Step 8: Cool & slice
Allow bread to cool in the pan for 10 minutes, then transfer to a wire rack. Slice once fully cooled.

Vegan Double Chocolate Zucchini Bread
Equipment
- Large mixing bowl
- Medium mixing bowl
- Whisk
- Measuring cups & spoons
- Box grater
- Rubber spatula
- Loaf pan
- Parchment paper
Ingredients
- 1 ½ cups all-purpose flour
- ½ cup unsweetened cocoa powder
- 1 tsp baking soda
- ½ tsp baking powder
- ½ tsp salt
- 1 cup coconut sugar or brown sugar
- ½ cup coconut oil melted
- 1 cup almond milk unsweetened
- 1 tsp apple cider vinegar
- 1 tsp vanilla extract
- 1 ½ cups zucchini grated and squeezed
- ½ cup vegan chocolate chips
- ¼ cup walnuts chopped, optional
Instructions
- Line loaf pan with parchment paper and preheat oven to 350°F.
- Whisk together coconut oil, sugar, almond milk, vinegar, and vanilla.
- Sift flour, cocoa powder, baking soda, baking powder, and salt in another bowl.
- Fold zucchini into wet ingredients.
- Add dry mix to wet and stir until combined.
- Fold in chocolate chips and walnuts.
- Pour batter into loaf pan and bake 50–55 minutes.
- Cool in pan 10 minutes, then transfer to wire rack.
Notes
Nutrition
Variations to Try
- Swap chocolate chips for dried cranberries for a fruity twist.
- Add a swirl of peanut butter or almond butter before baking for extra richness.
Storage Tips
Store at room temperature for up to 3 days in an airtight container.
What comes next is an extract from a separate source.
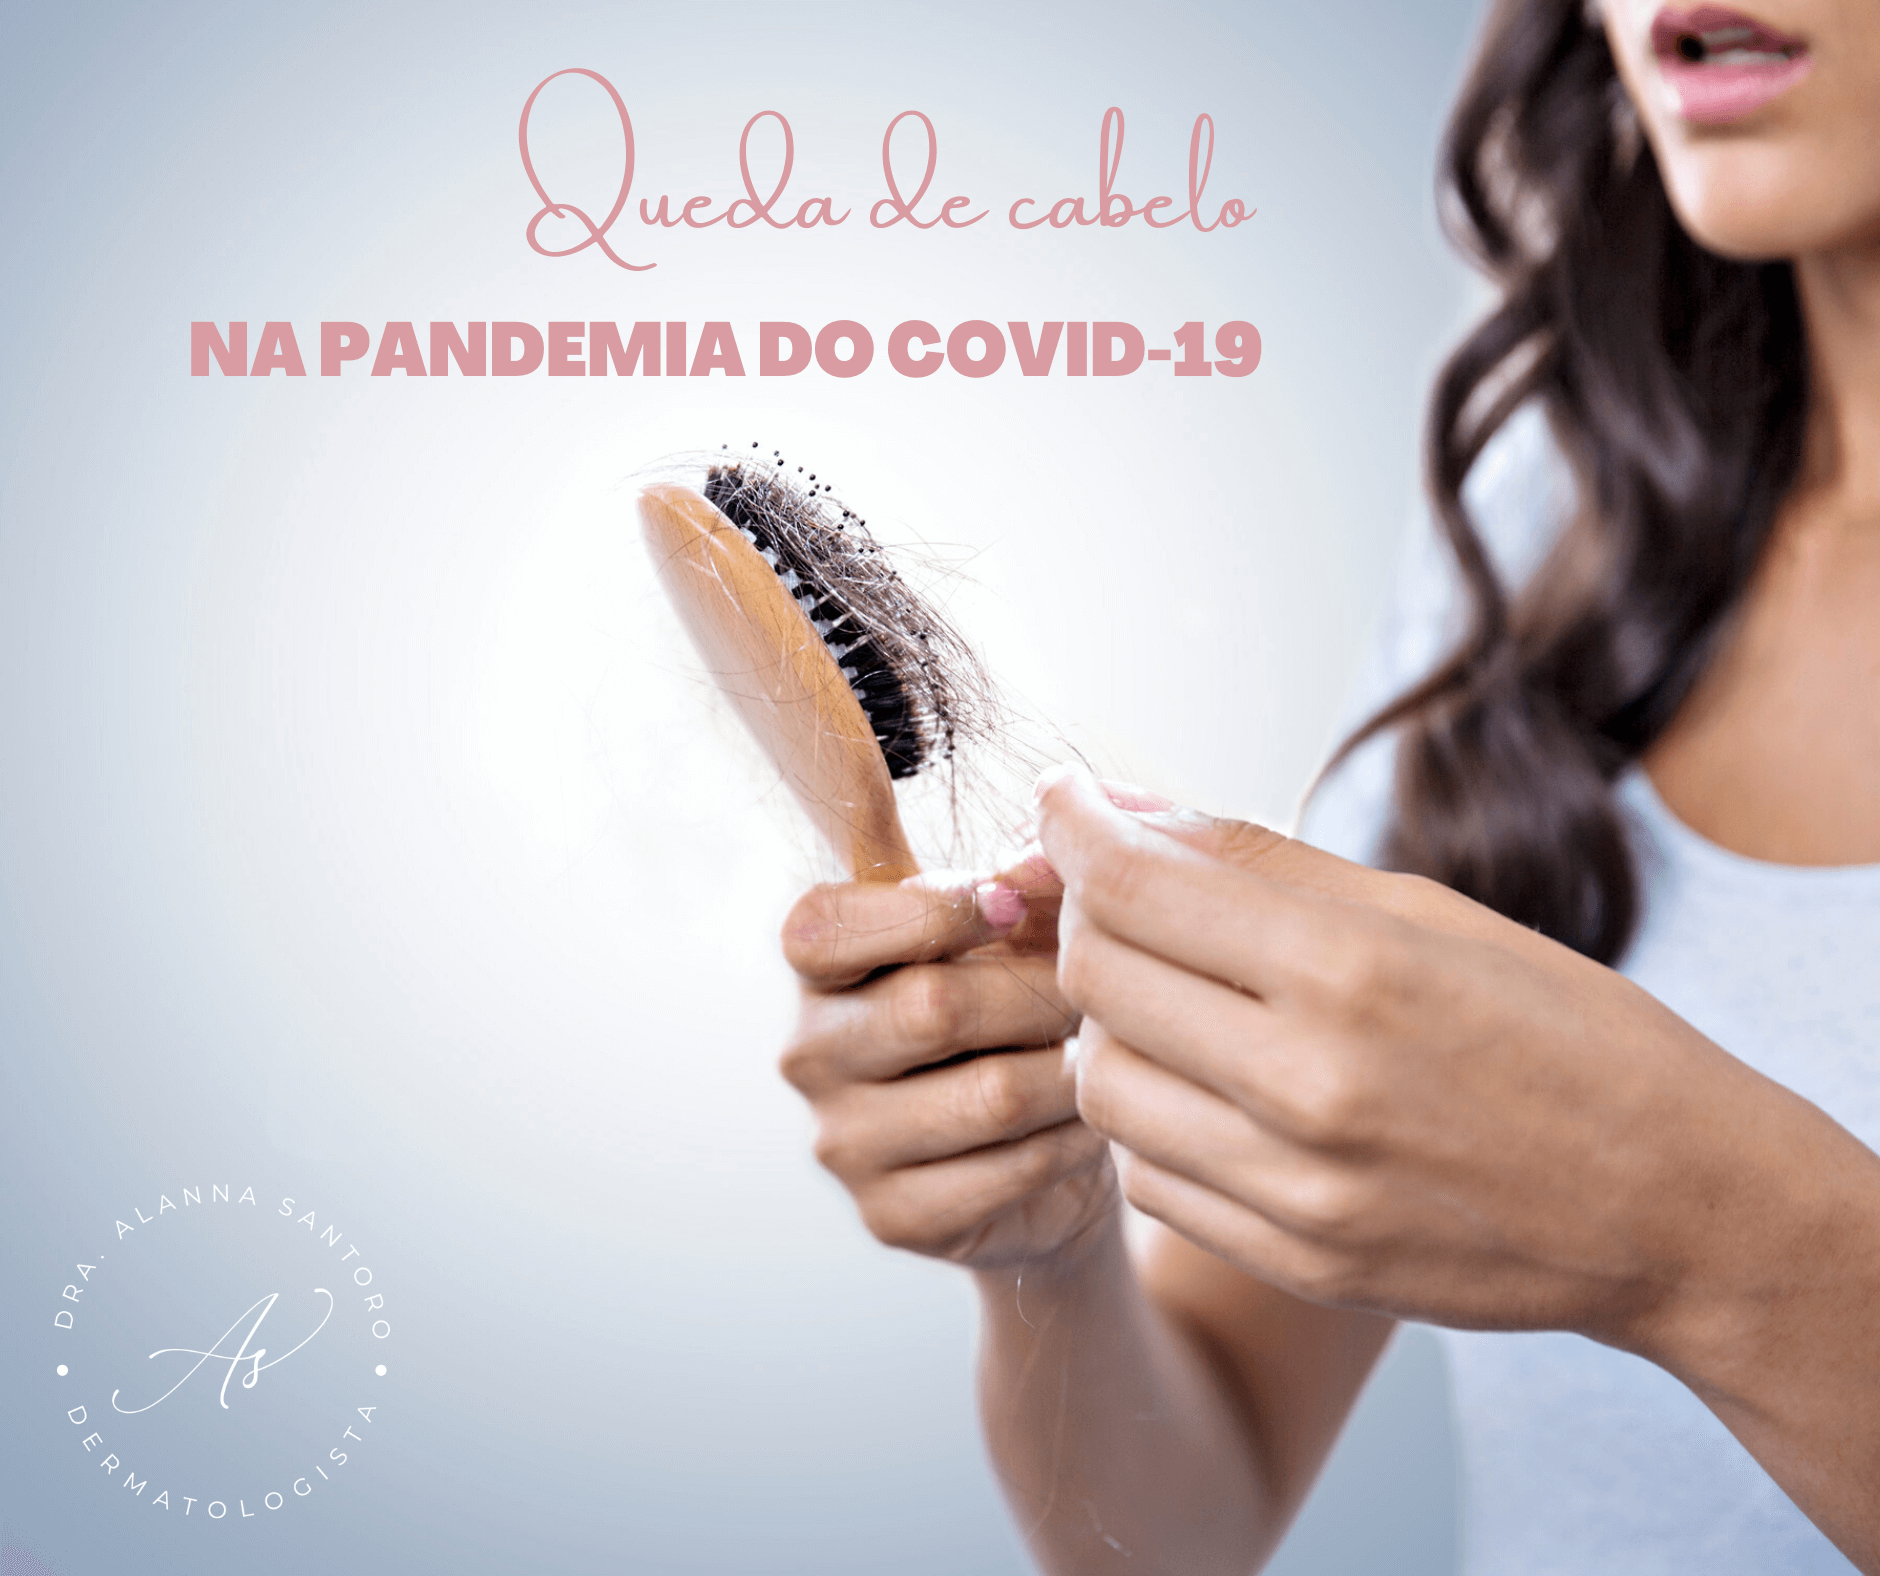 QUEDA DE CABELO E A PANDEMIA DO COVID-19

For longer storage, refrigerate up to 1 week. This zucchini bread also freezes beautifully for up to 2 months; simply wrap slices individually for easy grab-and-go snacks.
Pro Tips
- Be sure to squeeze zucchini well to avoid excess moisture.
- For gluten-free, substitute with a 1:1 gluten-free flour blend.
- Double the recipe and freeze one loaf for meal prep.
- Warm slices slightly before serving for a gooey, melty chocolate treat.
Nutrition Facts
- Serving Size: 1 slice
- Calories: 240
- Protein: 4g
- Carbohydrates: 35g
- Fat: 11g
- Fiber: 4g
- Sugar: 18g
Disclaimer: Nutrition facts are estimated using online tools and may vary based on your ingredients and preparation. Please consult a nutritionist for precise dietary advice.
FAQs
Can I use gluten-free flour?
Yes, a 1:1 gluten-free flour blend works perfectly in this recipe.
Do I need to peel zucchini first?
No, just wash and grate it. The skin adds nutrients and color.
Can I make muffins instead of a loaf?
Yes, bake at the same temperature for about 20–22 minutes.
Is this bread freezer-friendly?
Absolutely, wrap slices well and freeze up to 2 months.
Closing Notes
This vegan double chocolate zucchini bread is proof that healthy baking can still be indulgent and satisfying. Perfect for breakfast, dessert, or a cozy afternoon treat, it’s a recipe worth keeping on repeat. Try it with a cup of coffee or tea for the ultimate comfort pairing.